I Dropped My SCA Major

photo credit: USC

by Avery Thunder ‘26

Everytime I tell someone that I used to be in SCA, they have a visceral reaction. Usually it falls somewhere in between shocked and straight up shaming me for leaving the program. Yes, there is no denying that getting into the School of Cinematic Arts is an amazing opportunity – I will always be thankful that they gave me the chance to be a student there. This does not, however, change the fact that it was not for me. There’s this false narrative when it comes to prestigious schools or majors, that, if you get in, you should just commit. This sense of dedication to prestige is what I was searching for when I applied. Having experienced the reality many people only dream about, though, I learned that sometimes it doesn’t matter how good something looks on paper if it’s not the right fit.

Here’s the thing, SCA is not what I (and maybe you) expected, at all. In my opinion, its purpose is connections, and only connections (if you’re lucky). I love to play with cameras – cinematography has always been my strong suit. This was the one thing I was looking forward to in film school. I wanted to work with expensive cameras I didn’t have access to elsewhere. 
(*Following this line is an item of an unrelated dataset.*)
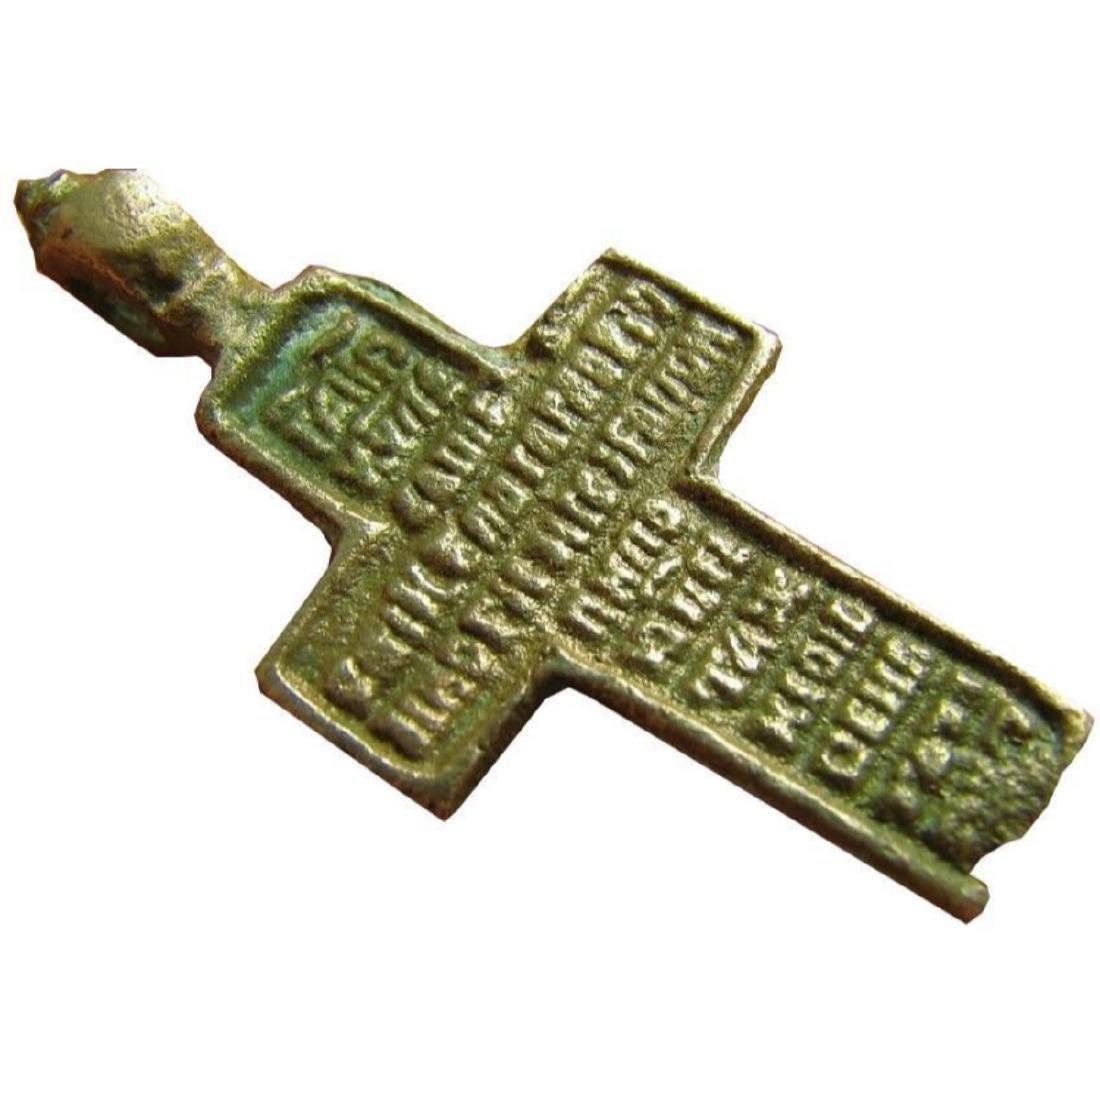 Prayer Big Relief Late Medieval Church Bronze Cross - 4

I wasn’t given a single camera the entire time I was there. I wasn’t even given the opportunity to access one. I was given zero editing software. SCA offered fewer resources than my public high school did. Every class where we actually got to film something, they made us do it on our phones. I was livid. I didn’t come to film school to shoot on my phone and edit in iMovie. I quickly lost interest.

Also, the classes are so long. Hours and hours. I had a four hour class on diversity in cinema. The class was completely thrown together because they picked a new professor a couple weeks before the start of the semester. Early in the class, they had us do a project on Lunar New Year, but no one in our group knew anything about the holiday, and we weren’t given any useful information. We were never given the opportunity to talk to anyone who celebrated the holiday. So, in an attempt to show us the importance of diversity in cinema, they had us completely misrepresent a culture by not bringing in anyone from the actual community to guide the activity.

I’m still not sure what I was supposed to learn from that class. People who want to represent a group they’re not a part of should just… go for it? Very counterproductive. For a school that professes to care about diversity and inclusion, you wouldn’t be able to tell from attending this class and many other classes I took. I think that the need to have a class on diversity really proves their intense need to overcompensate for the lack of it within the rest of their program. 

Already disenchanted, I talked to upperclassmen who told me about the fights they had to go through for equipment, when they could actually get their hands on it. I heard about the tedious paperwork to access any of SCAs resources and the boring classes they were being forced to take. I heard about the group projects, where you didn’t get to pick your group. I read about  graduates of the program who were working minimum wage jobs for years after college. So much for the promised connections.

At some point in my second semester of freshman year, I realized that I had been waiting for an experience I was never going to get. I was not going to be immersed in modern film tech, I was not going to make work that I was proud of, I was not going to be given the resources I wanted. I think the last straw was when they charged me several hundred dollars for equipment insurance. For what equipment? They haven’t so much given me a tripod, but here they were, asking for more money. 

So, I switched schools. I realized I was going to spend four years absolutely enraged by the disparity between what I expected and reality. If I was going to destroy my mental health for an art, I wanted to at least be given the resources to be good at it. I’m not saying SCA is horrible, but it wasn’t for me. I think I could’ve been successful in the program, but I don’t believe you’re truly successful if your work makes you miserable. Being good at something doesn’t mean you have to do it. 

I’m infinitely grateful that I left. I’ve enjoyed school far more because I’ve been actually learning. I don’t drag myself to class the way I used to, ready to sit in a theater for hours and come out with even less patience than before. And, yes, I’m sure I will hear for the rest of my life that I’ve given up a great opportunity, but I’m happier now. If anything, someone who wants that spot more can have it now. They deserve it more than I do, and I’m sure they’ll do great and make the most of it.